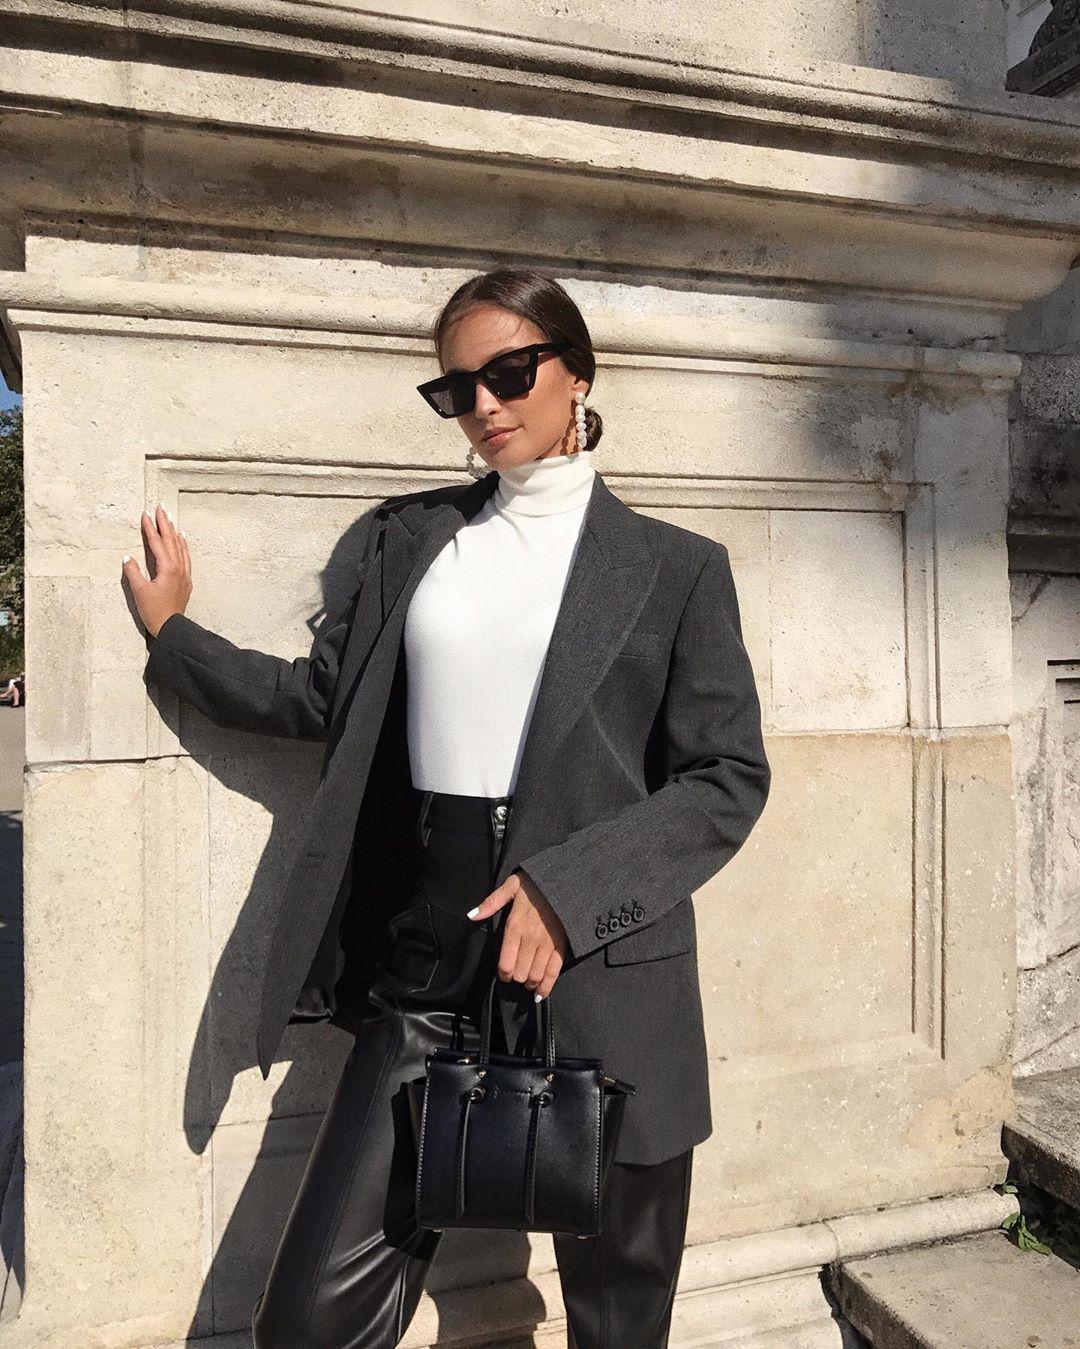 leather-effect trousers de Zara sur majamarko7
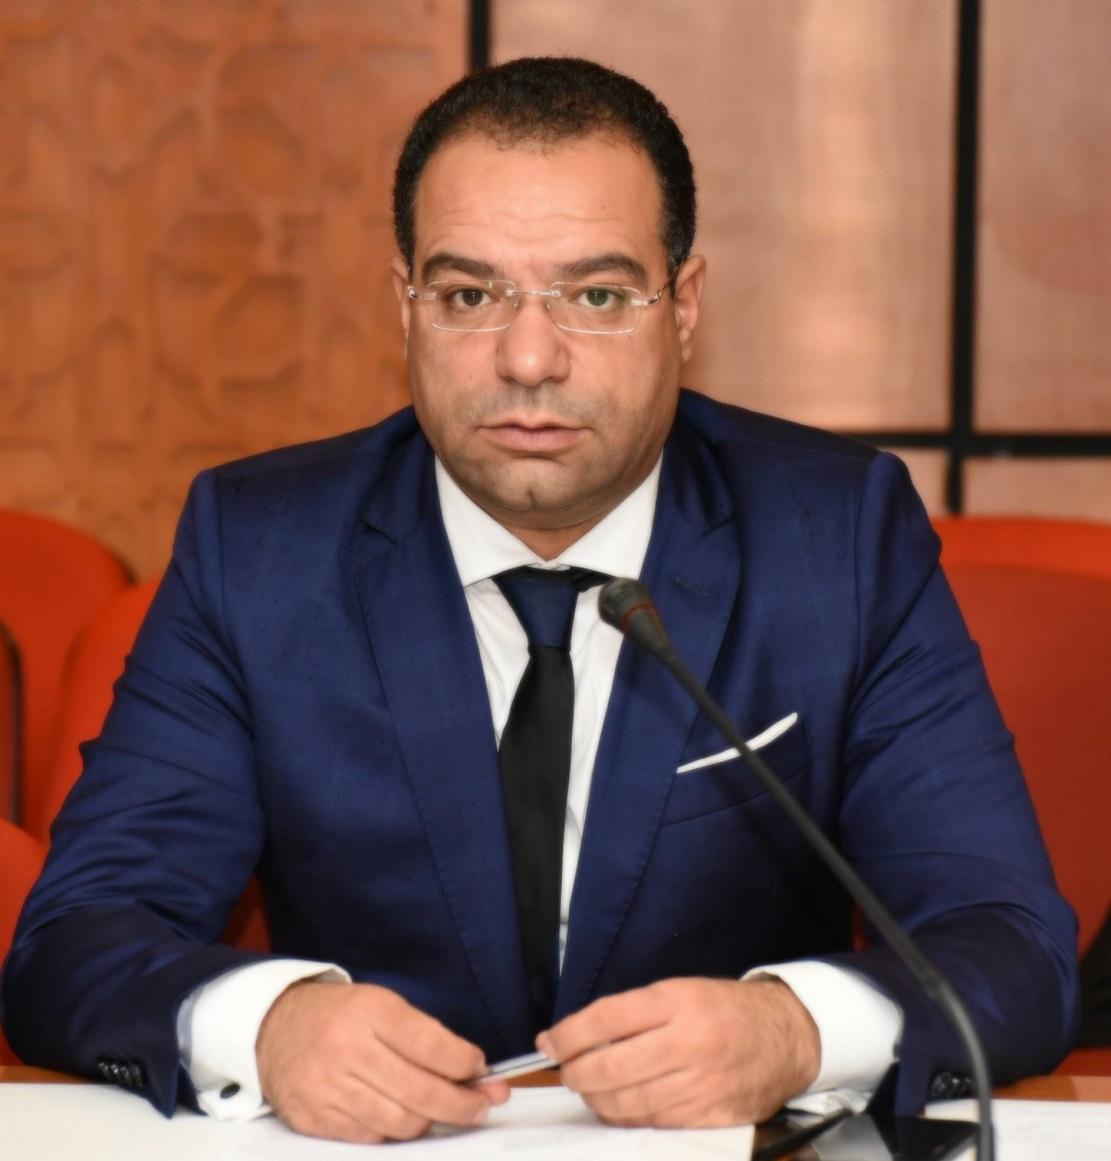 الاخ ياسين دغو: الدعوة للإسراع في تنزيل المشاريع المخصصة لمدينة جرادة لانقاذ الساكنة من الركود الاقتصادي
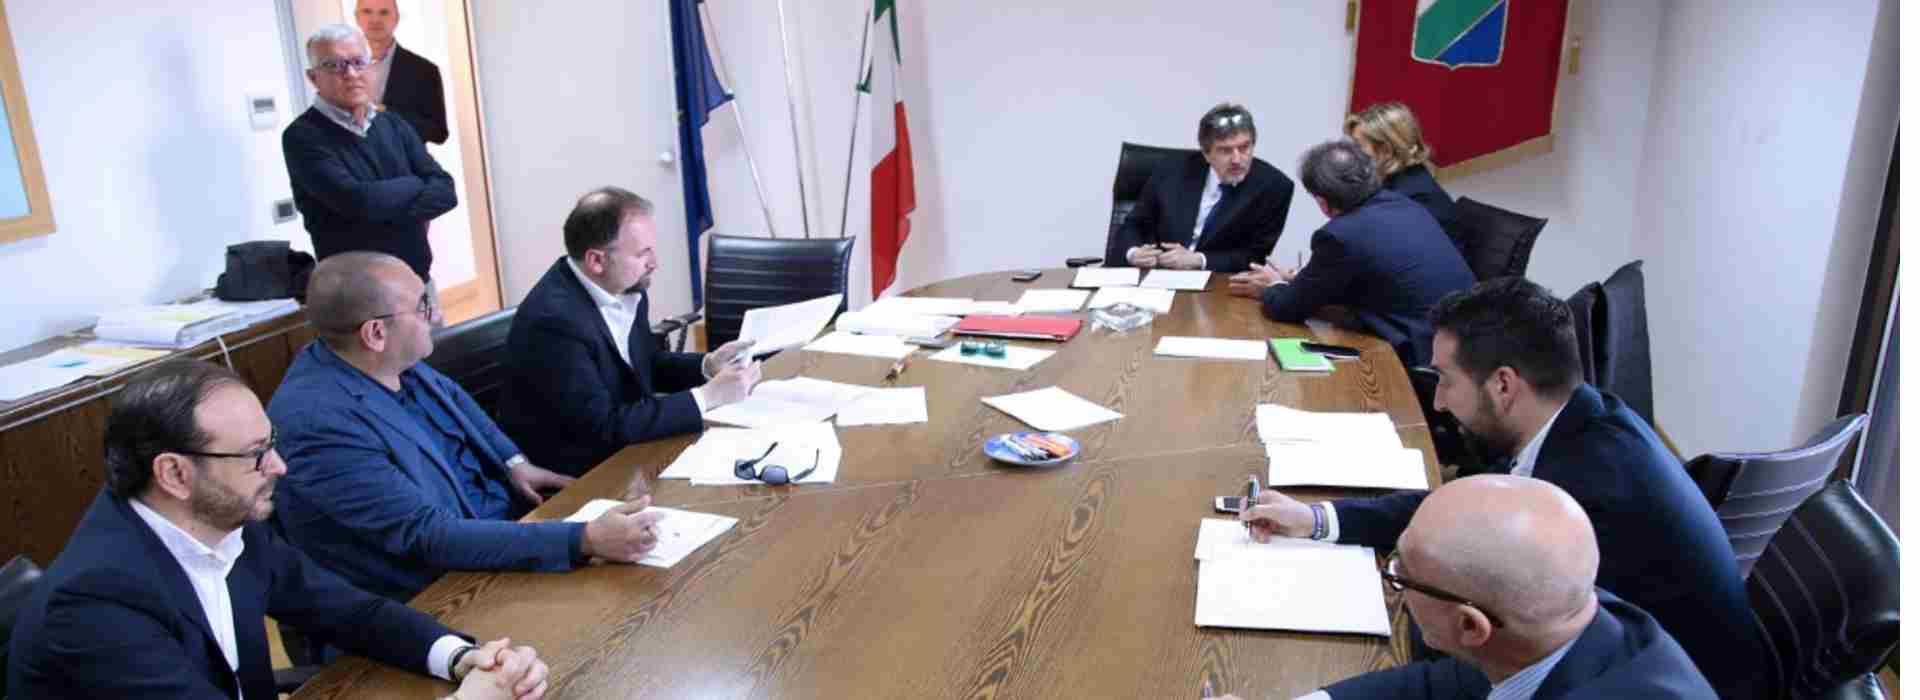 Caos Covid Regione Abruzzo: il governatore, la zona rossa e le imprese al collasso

# # #

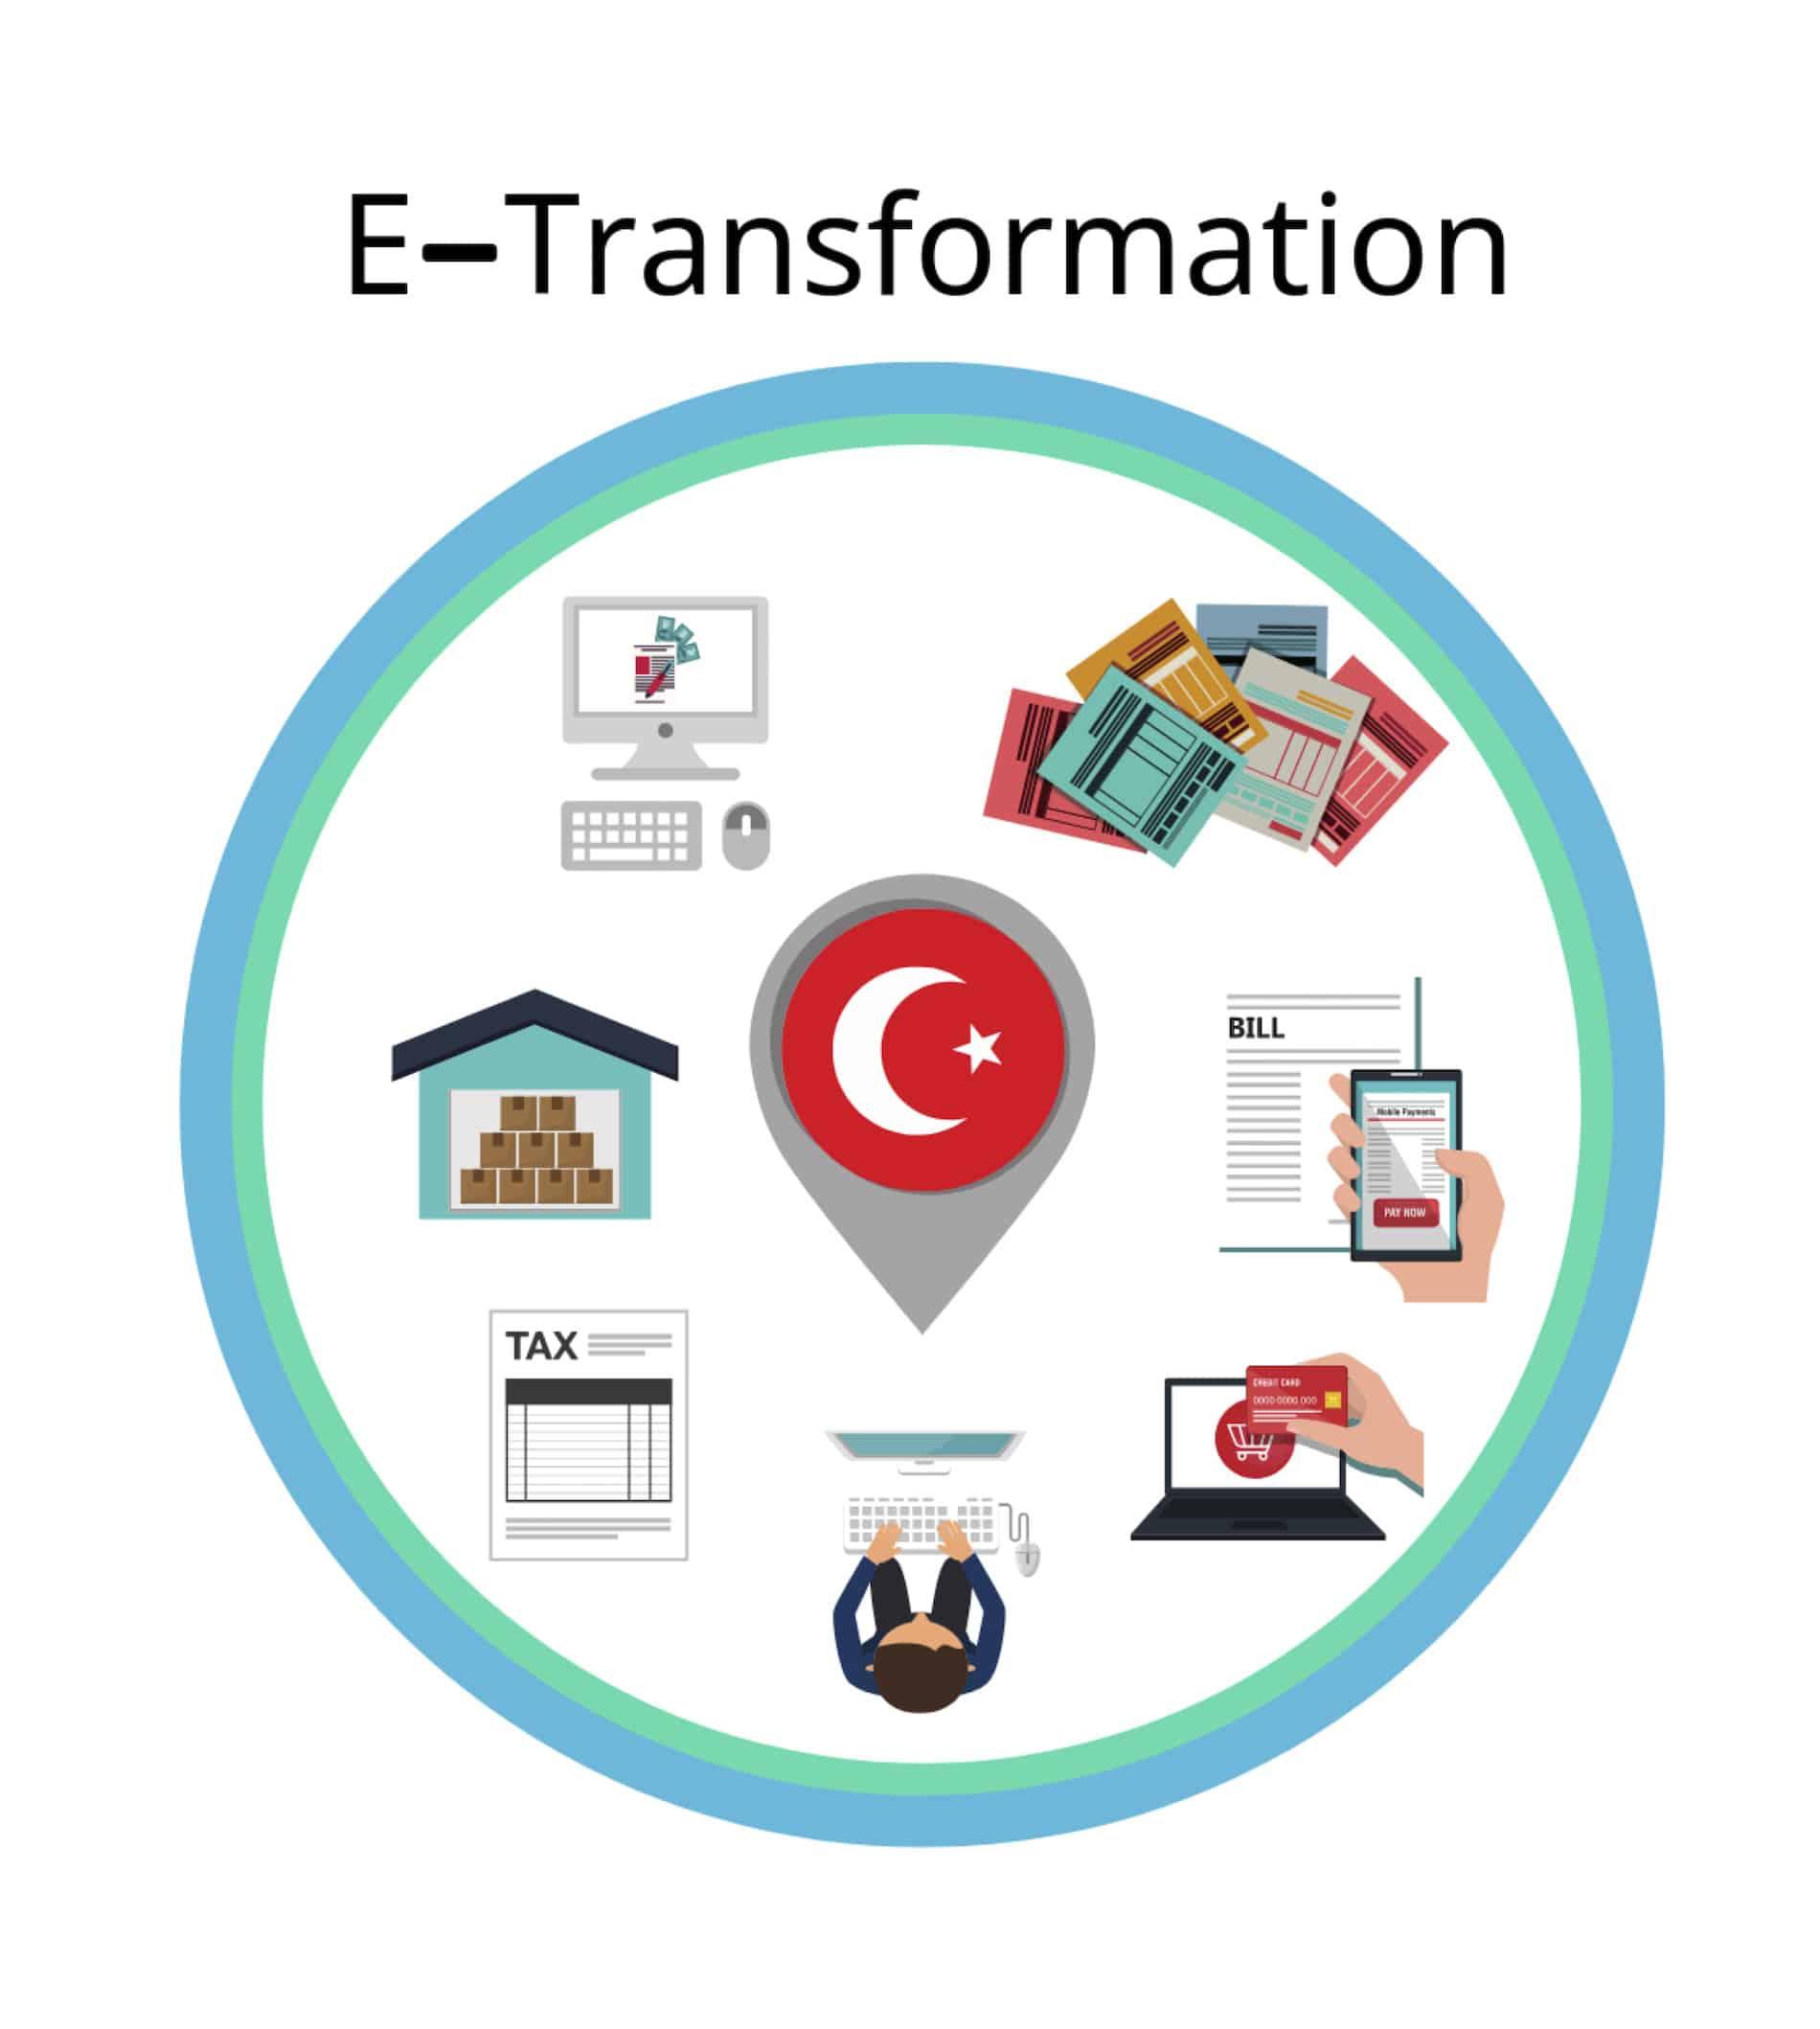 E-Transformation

# # #

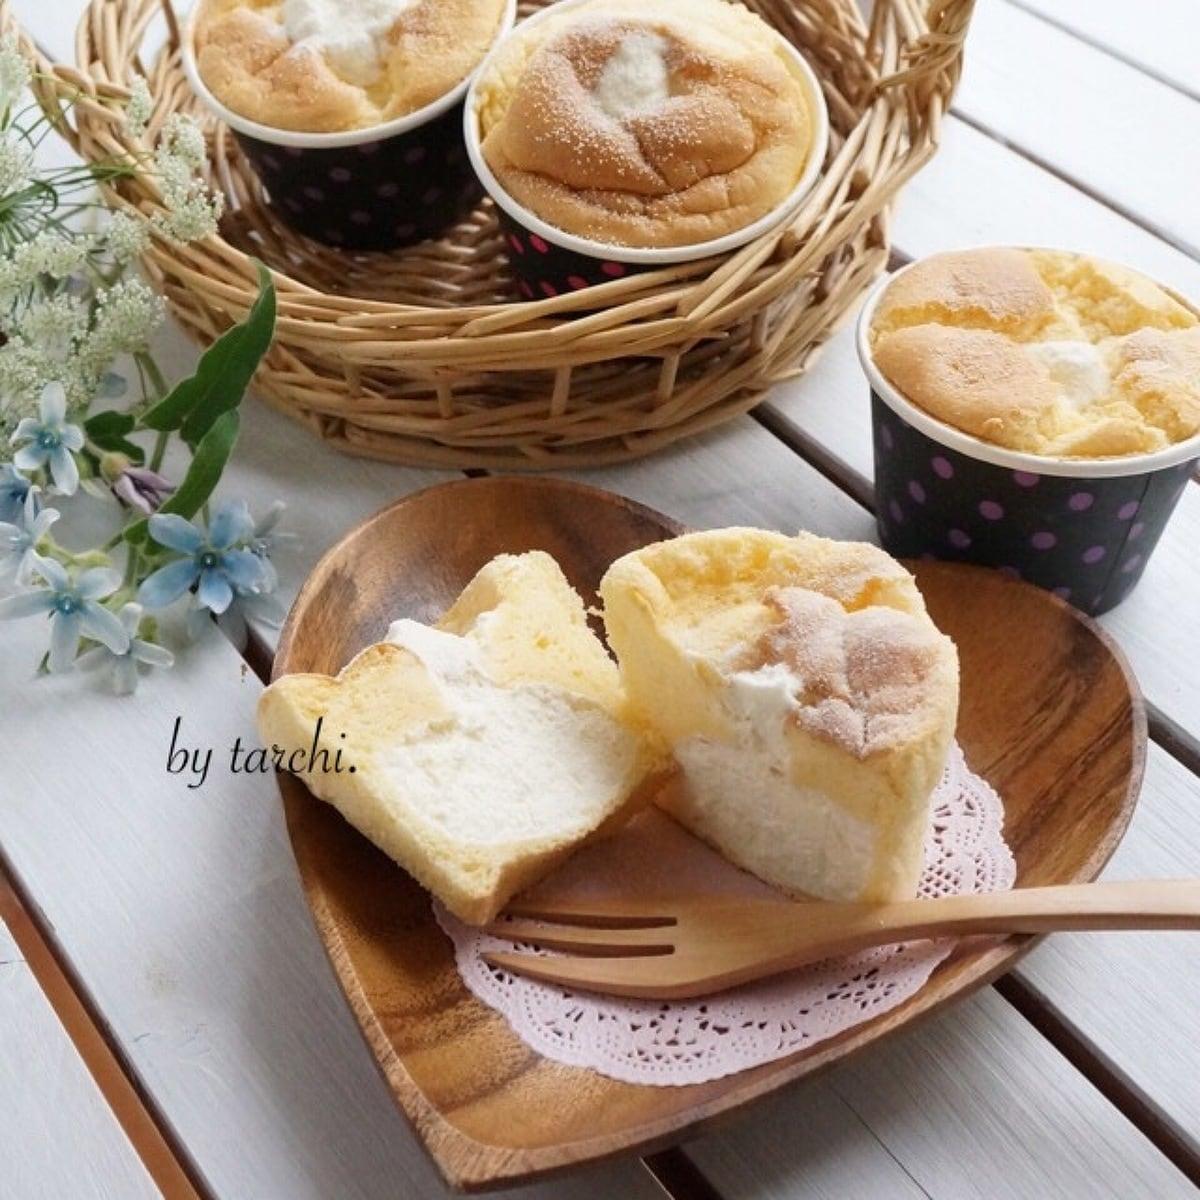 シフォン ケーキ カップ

# # #

[The problem]:
Keep to the stretch from the line containing "الاخ ياسين دغو: الدعوة" through the line containing "Caos Covid Regione", both ends included, and copy it exactly from the listing above, minus the pictures.

[Your response]:
 الاخ ياسين دغو: الدعوة للإسراع في تنزيل المشاريع المخصصة لمدينة جرادة لانقاذ الساكنة من الركود الاقتصادي
 Caos Covid Regione Abruzzo: il governatore, la zona rossa e le imprese al collasso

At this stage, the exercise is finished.